A 129-page master's thesis written by Hazel Gibb Hinman in 1958 at the University of Redlands California also contains clues Ms. Hoffman is following. Few children’s books writers enjoy financial comfort and Holling was no different. Ms. Hoffman notes that his illustrations included brochures for Cunard Tours, magazine covers for Junior Home Magazine, covers for American Junior Red Cross News, ads for Packard Clipper and Desoto, work on four projects at Disney Studios over several years, wall murals for the restraurant in Chicago and a hotel in Texas, designing a ranch in Montana, illustrations for Bookhouse, Book Trails, and Absurd Atlas, and the Quaker Oats marketing program.
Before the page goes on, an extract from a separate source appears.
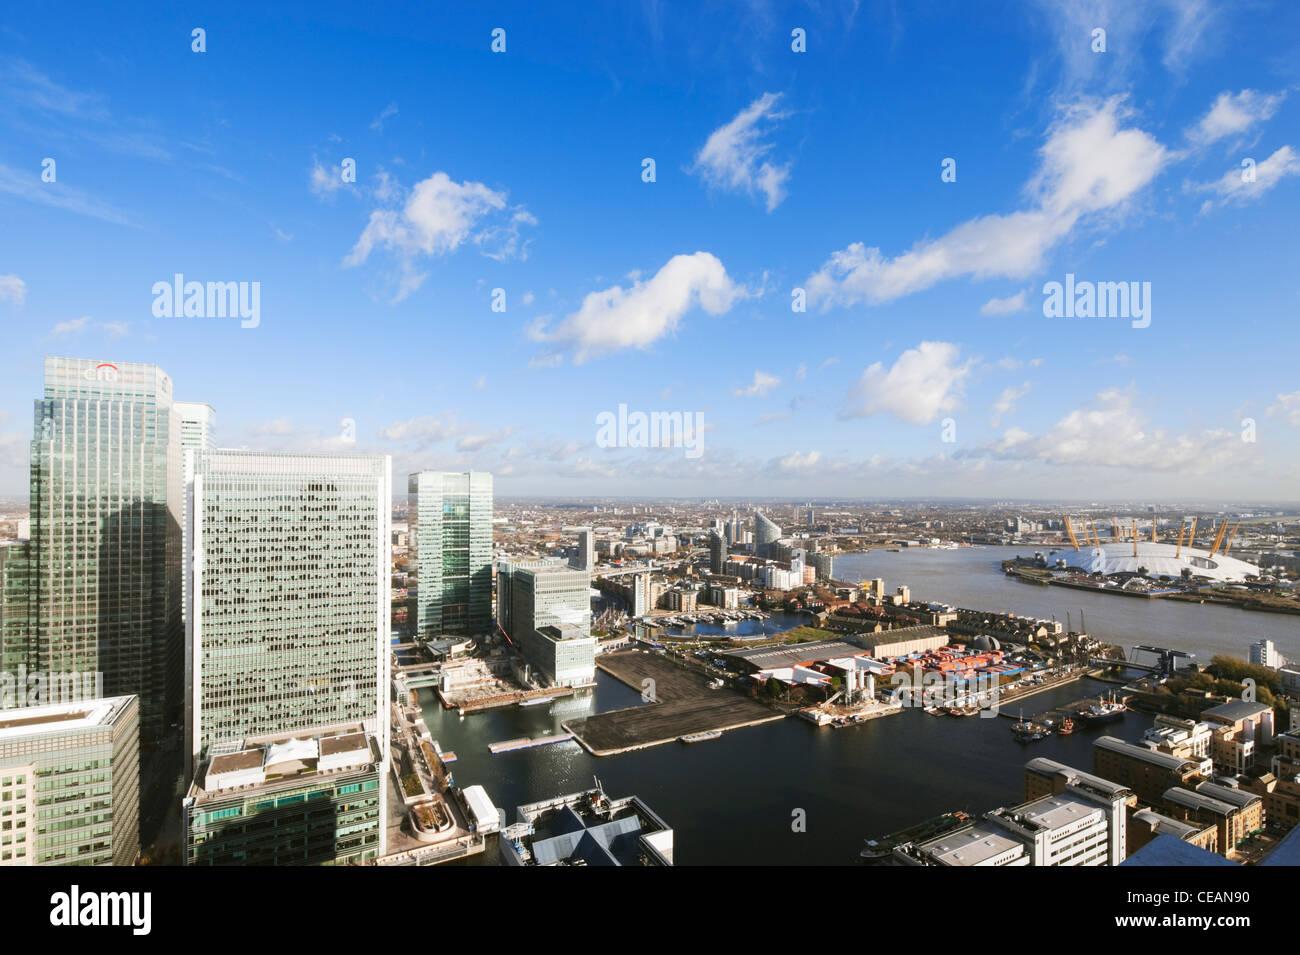 Canary Wharf buildings and O2 Arena; London; England - Stock Image

Learning about the museum, a Holling niece recently donated some 200 Holling letters, original paintings, and colored World Museum newspaper inserts. Ms. Hoffman writes, “Those World Museum inserts are important because they finally allowed the Hollings to be financially independent so they could devote their full time to writing children's books.”

Ms. Hoffman can be proud of the clues Holling admirers provide. The memory of Holling and Lucille is still very much alive in Leslie, Mich., as elements of the past are collected, catalogued and presented to the public.